Group B The two-step approach was as follows: firstly, a 50 g oral Glucose Challenge Test (GCT) was performed regardless of the fasting status. If the plasma glucose level after 1 h was of ≤140 mg/ dl, it was considered as negative and needed no further test. If the level was>140 mg/dl, then 100 g OGTT was performed. The plasma glucose was measured after 100 g load at fasting, 1-, 2-, and 3-hour interval. The cut-off values were as follows: fasting ≥105 mg/dl, 1 h ≥ 188 mg/d, 2 h ≥ 165 mg/dl, and 3 h ≥ 140 mg/dl. A diagnosis of GDM was made if at least two values exceeded above plasma glucose concentration.

In cases of normal results, routine standard antenatal care was instituted, while women diagnosed as ‘gestational diabetes’ were followed in an antenatal clinic, the patients were taken care as a standard guideline for diabetic patients during pregnancy. At each antenatal visit, records of weight, blood pressure and obstetric examination were taken. BMI was measured at first ANC visit. Blood sugar profile which includes fasting blood sugar and post-meal blood sugar (2 h after meal) was monitored weekly in third trimester. Ultrasound for congenital malformation was done between 18 and 20 weeks. Blood glucose was usually controlled with diabetic diet and exercise. Insulin was used only when fasting glucose was more than 105 mg/dl, the target was to maintain fasting glucose <95 mg/dl or 2-hour postprandial glucose <120 mg/dl. Ultrasound monitoring for fetal well-being in the form of biophysical profile was done after 34 weeks on weekly basis. Women controlled on insulin were allowed to go in spontaneous labor till 38 weeks if there was no fetal or maternal indication of termination of pregnancy. Elective termination of pregnancy was done at 38 weeks if they did not go in labor. Further, women controlled on MNT alone were allowed to go in spontaneous labor up to 40 weeks, if antenatal period was uncomplicated.
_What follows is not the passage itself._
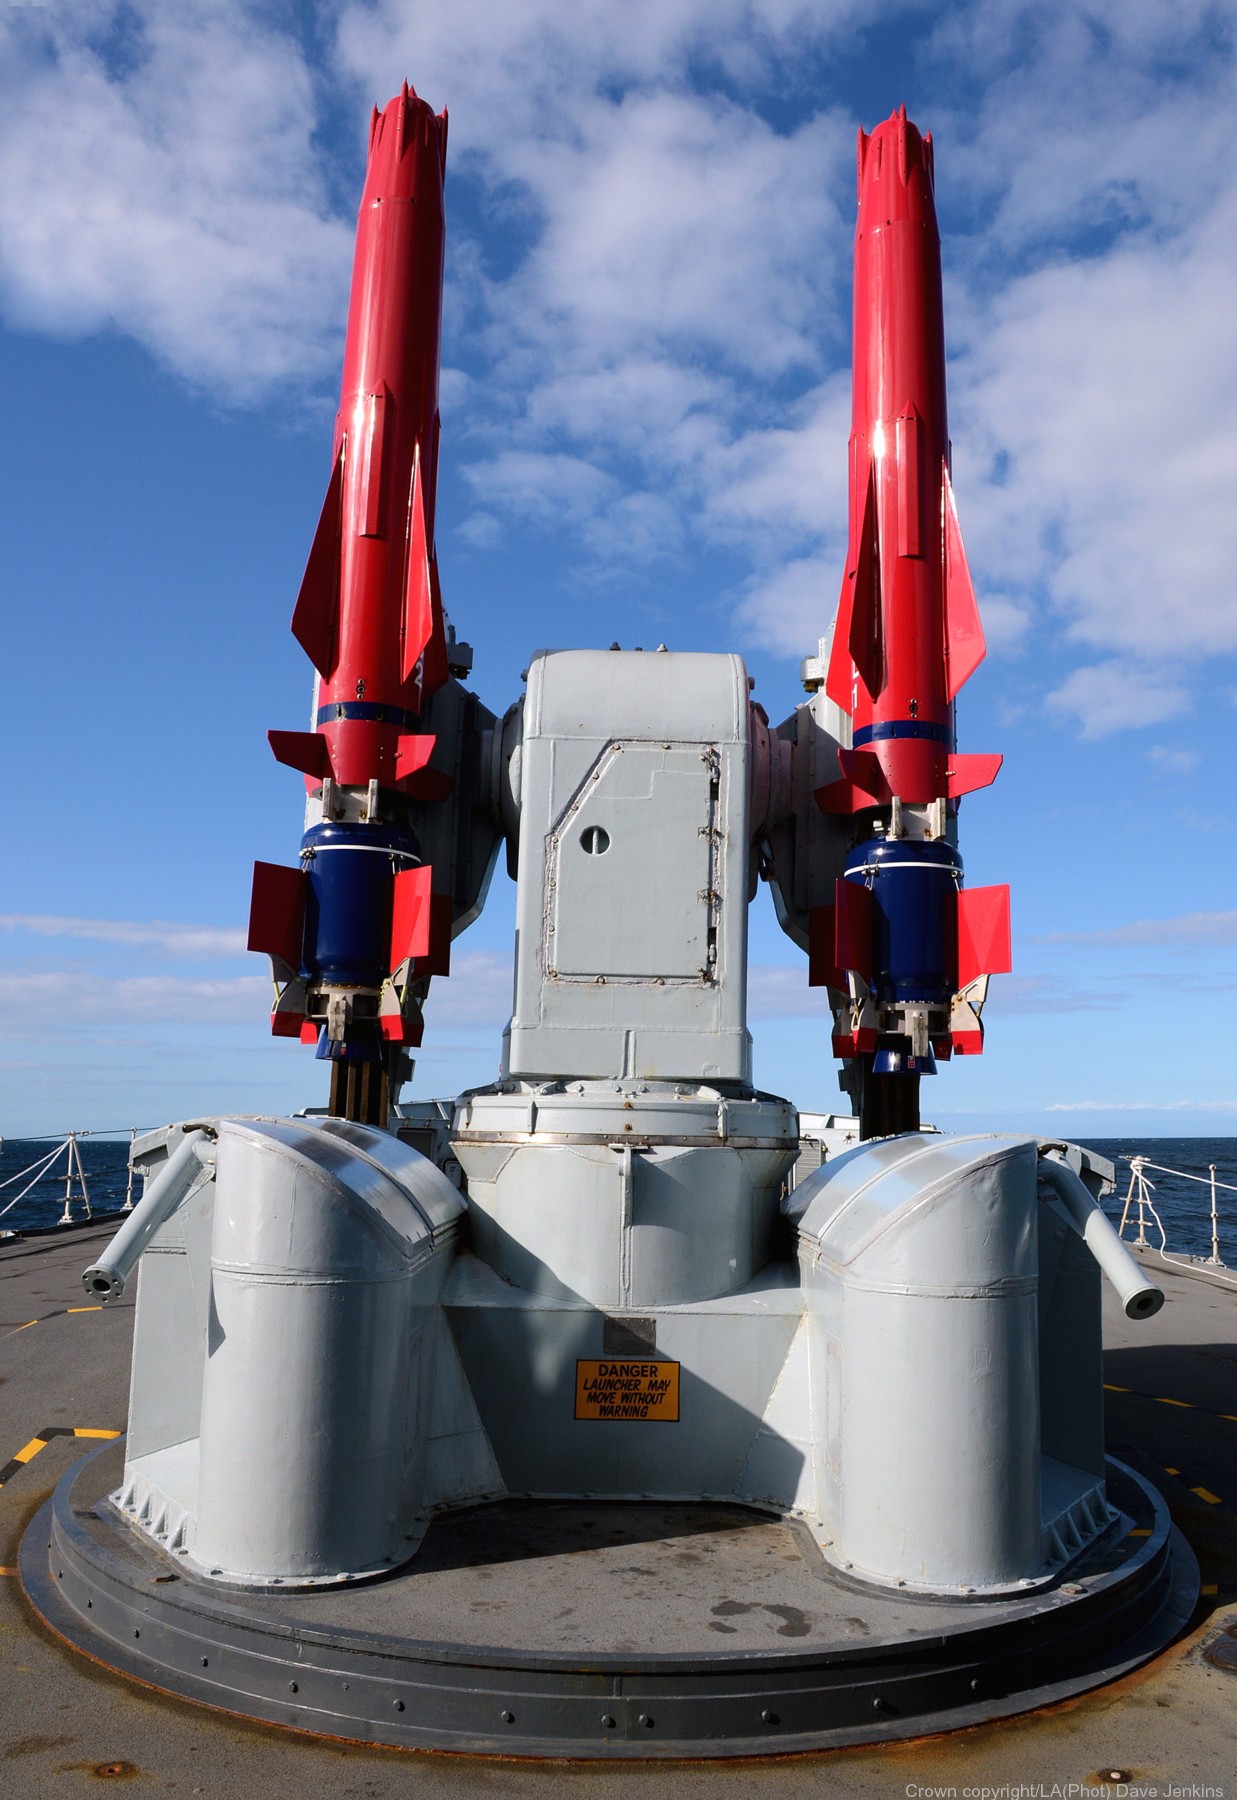 gws-30 sea dart missile sam sheffield class destroyer

The main outcome was the prevalence of GDM, and the secondary outcomes included birth weight, gestational age at delivery, rates of preterm birth (delivery before completed 37weeks), large-for gestational age (birth weight of greater than 90th percentile for each gestational week), cesarean section, pregnancy-induced hypertension and neonatal complications.
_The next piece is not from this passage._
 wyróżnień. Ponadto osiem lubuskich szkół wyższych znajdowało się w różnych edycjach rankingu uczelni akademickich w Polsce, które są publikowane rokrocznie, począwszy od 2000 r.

A total of 600 pregnant women were included in the study, 300 pregnant women were screened by one-step procedure group (A) and300 were screened by two-step procedure group (B). As regard baseline characteristics for all 600 women in both groups, which included maternal age, pre-pregnancy weight, maternal weight, BMI, gestational age at screening, and parity, fasting blood glucose were not statistically significantly difference including normal and GDM as shown in (Table 1). But as regard prevalence of GDM was higher in group A (one-step procedure) than in group B (two-step procedure) with statistically significantly difference (Table 2).